Only one part of the listing is needed: the lines from the one with "Stroje kapięlowe/szorty taniej o 40% @ H&M" through the last line, copied exactly and free of pictures.
Top of GIVEN INFORMATION
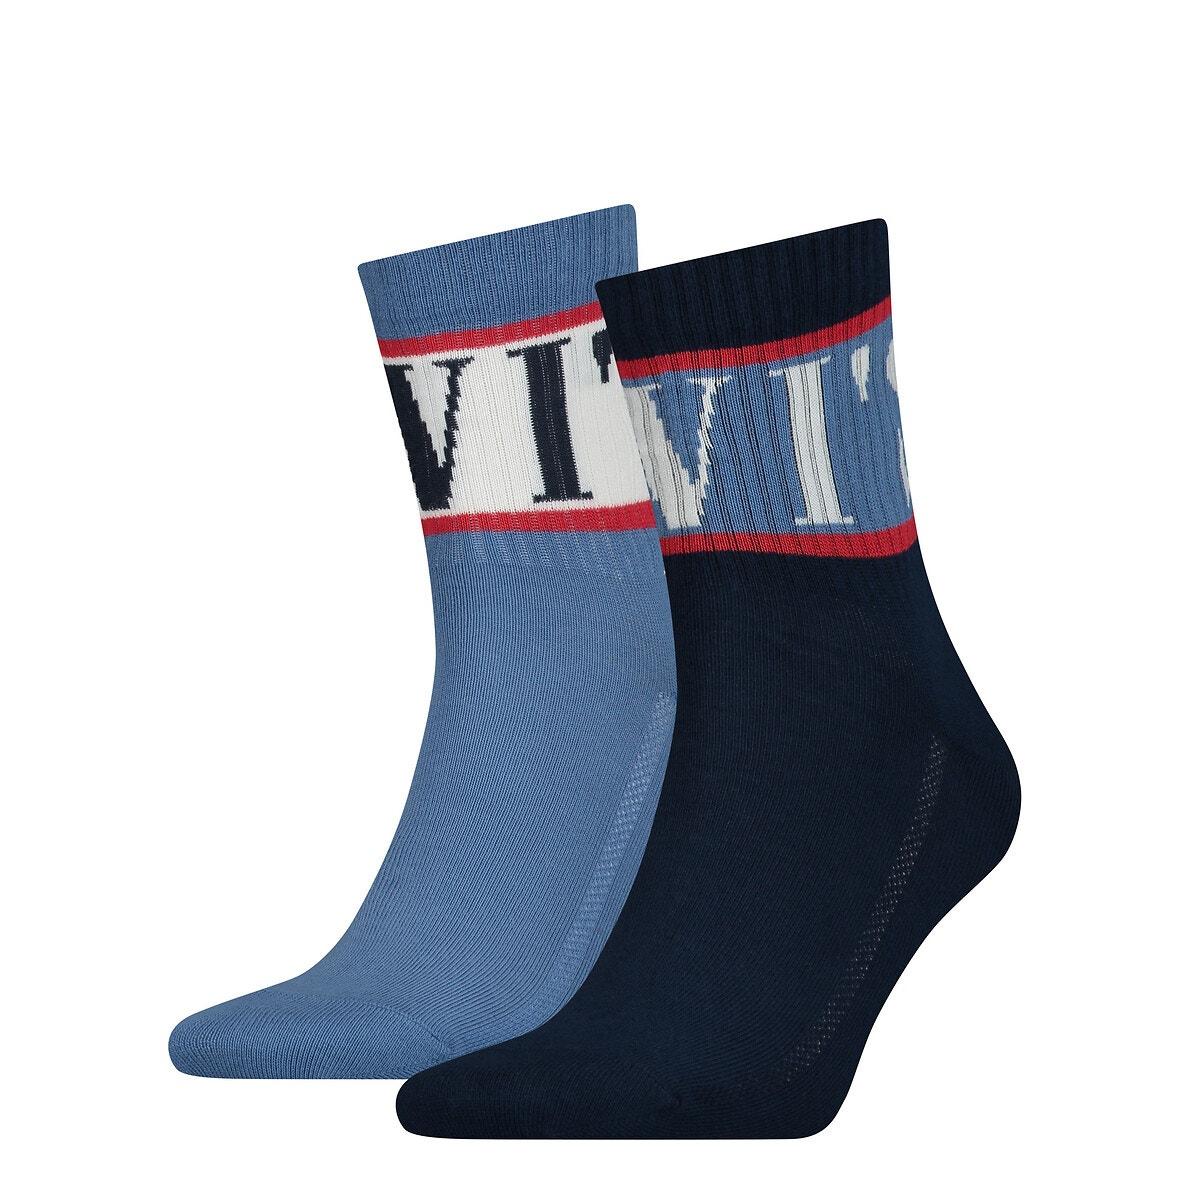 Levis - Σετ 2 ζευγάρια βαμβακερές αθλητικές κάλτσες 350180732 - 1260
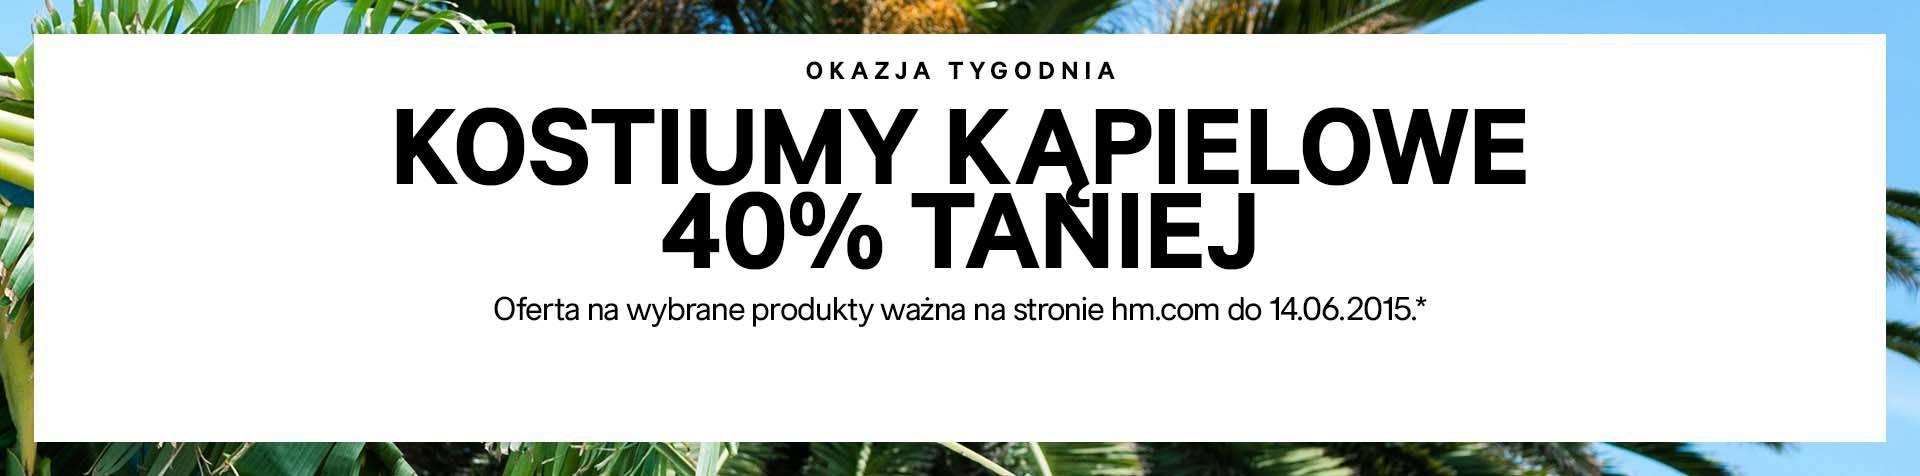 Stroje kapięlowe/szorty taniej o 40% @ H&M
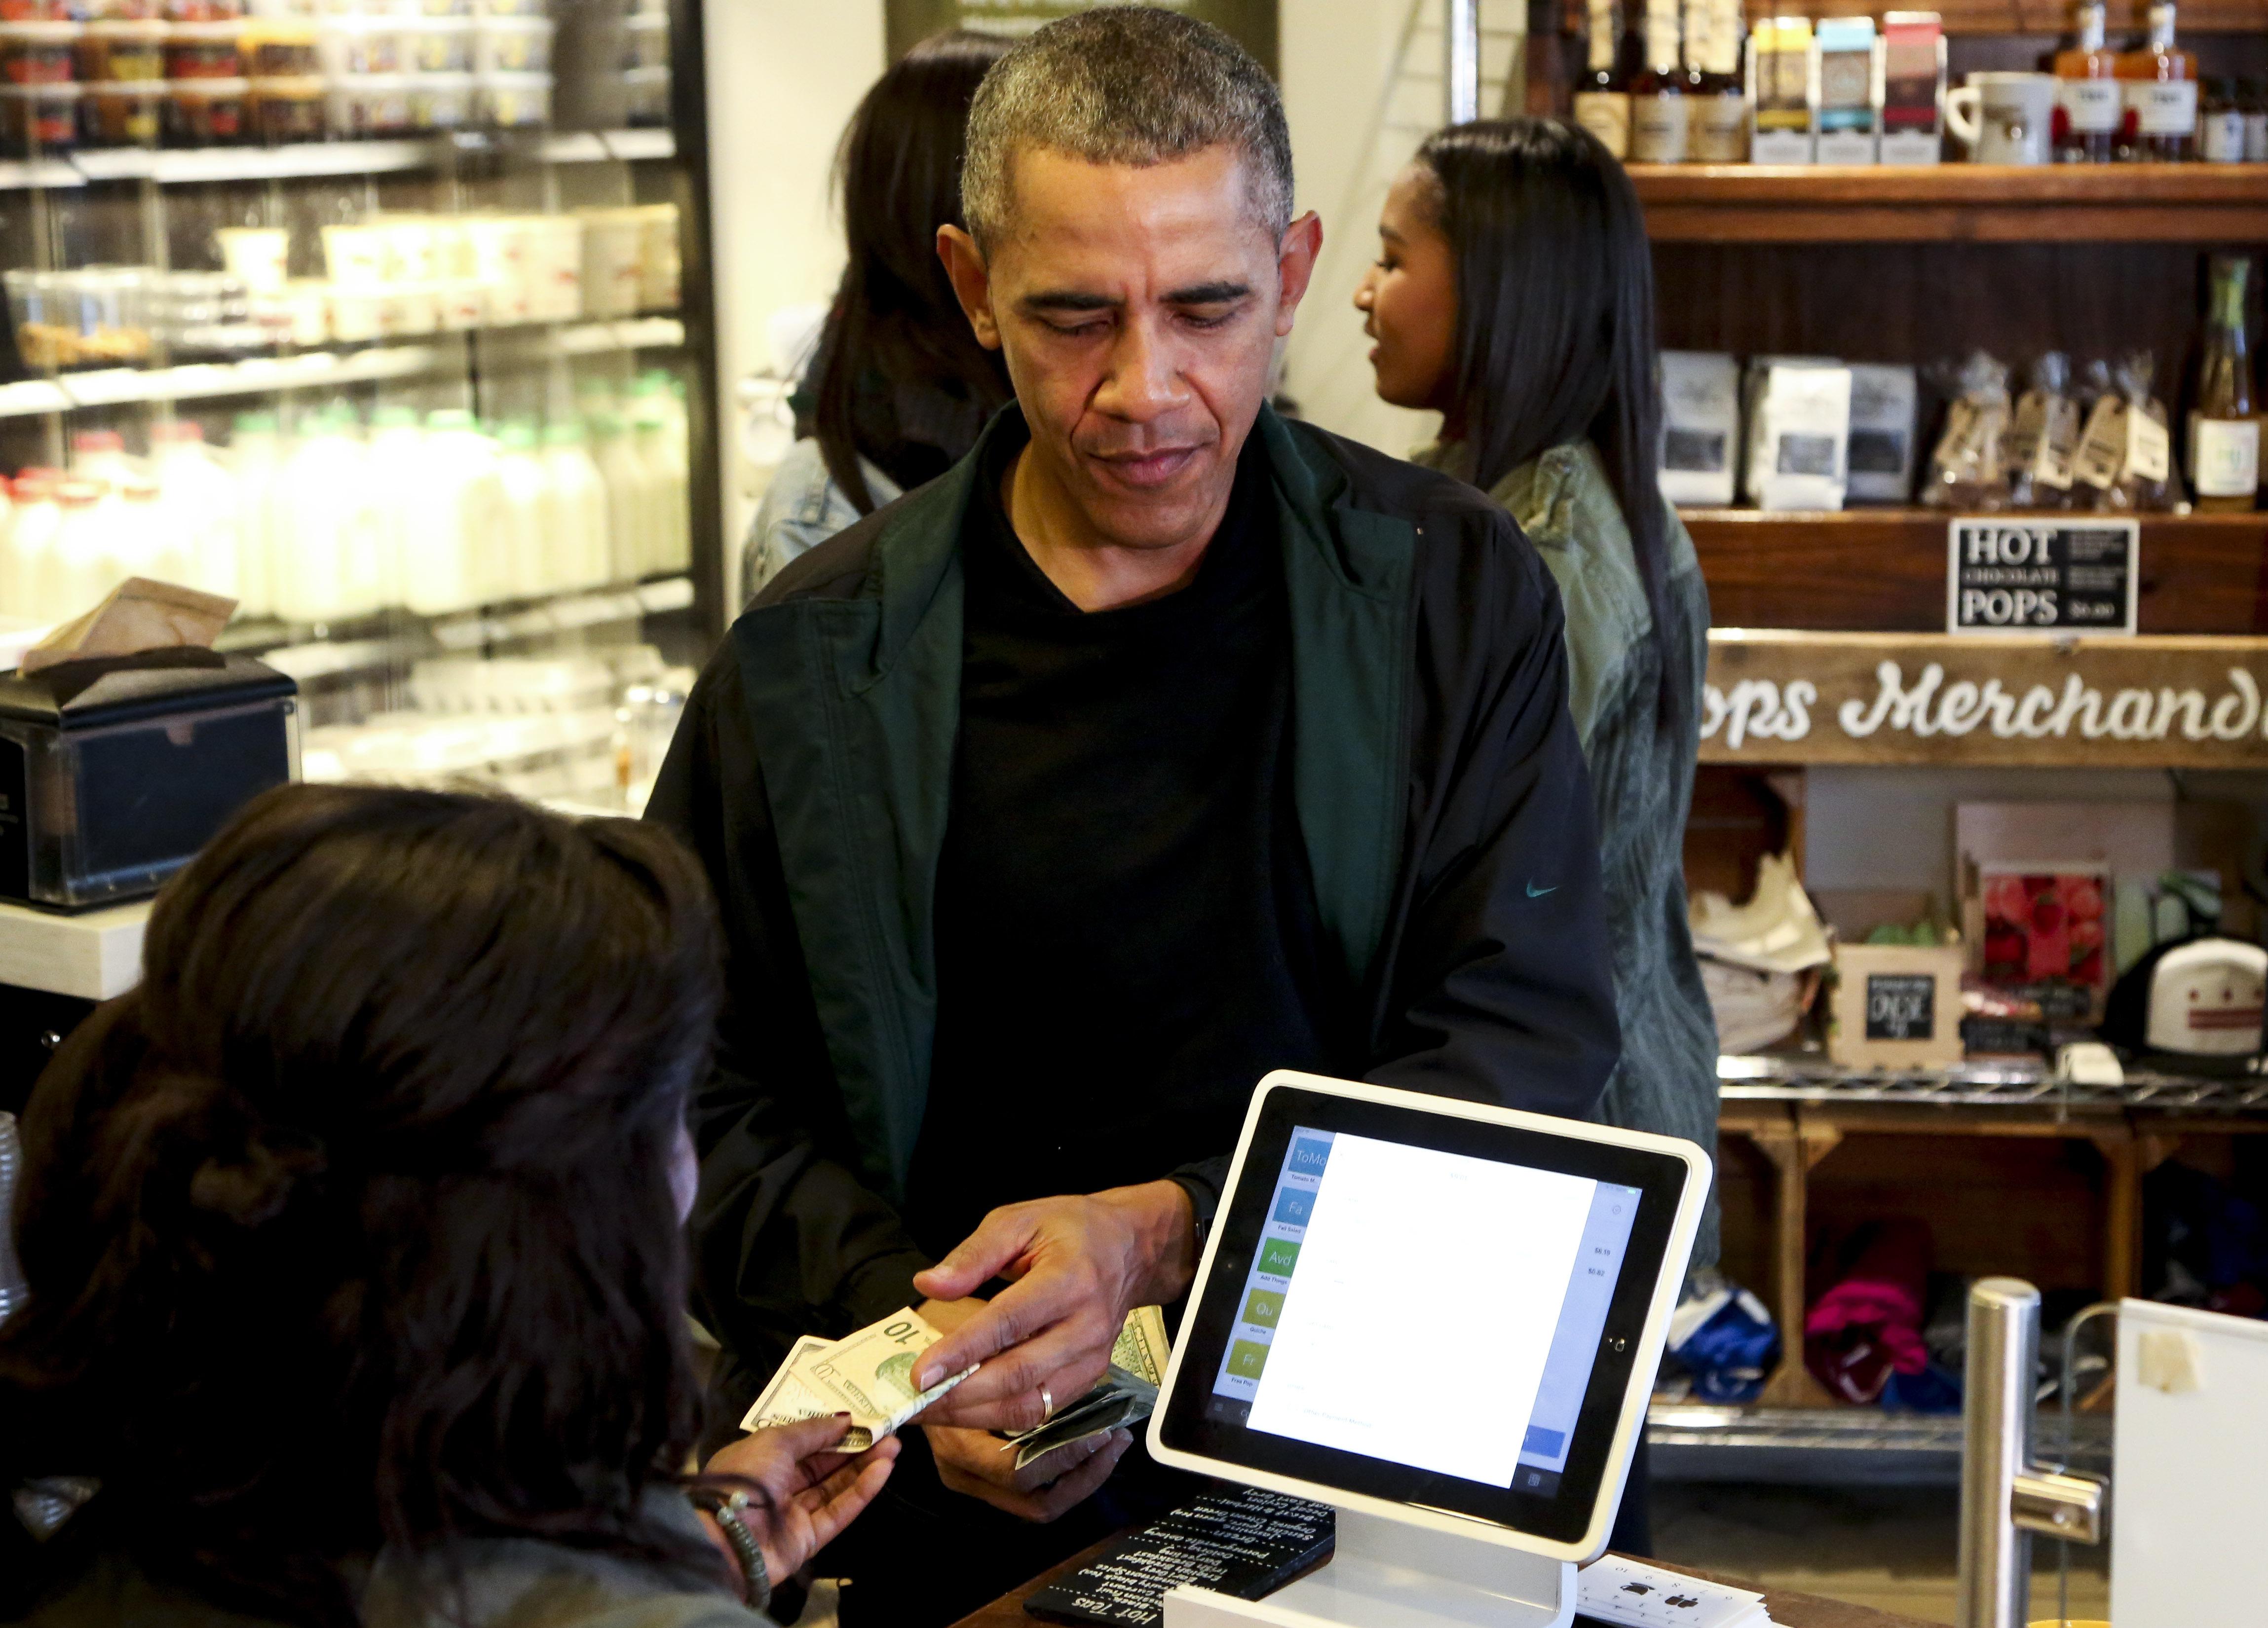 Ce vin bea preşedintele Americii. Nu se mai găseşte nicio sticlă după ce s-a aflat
Bottom of GIVEN INFORMATION
EXPECTED ANSWER ::
 Stroje kapięlowe/szorty taniej o 40% @ H&M
 Ce vin bea preşedintele Americii. Nu se mai găseşte nicio sticlă după ce s-a aflat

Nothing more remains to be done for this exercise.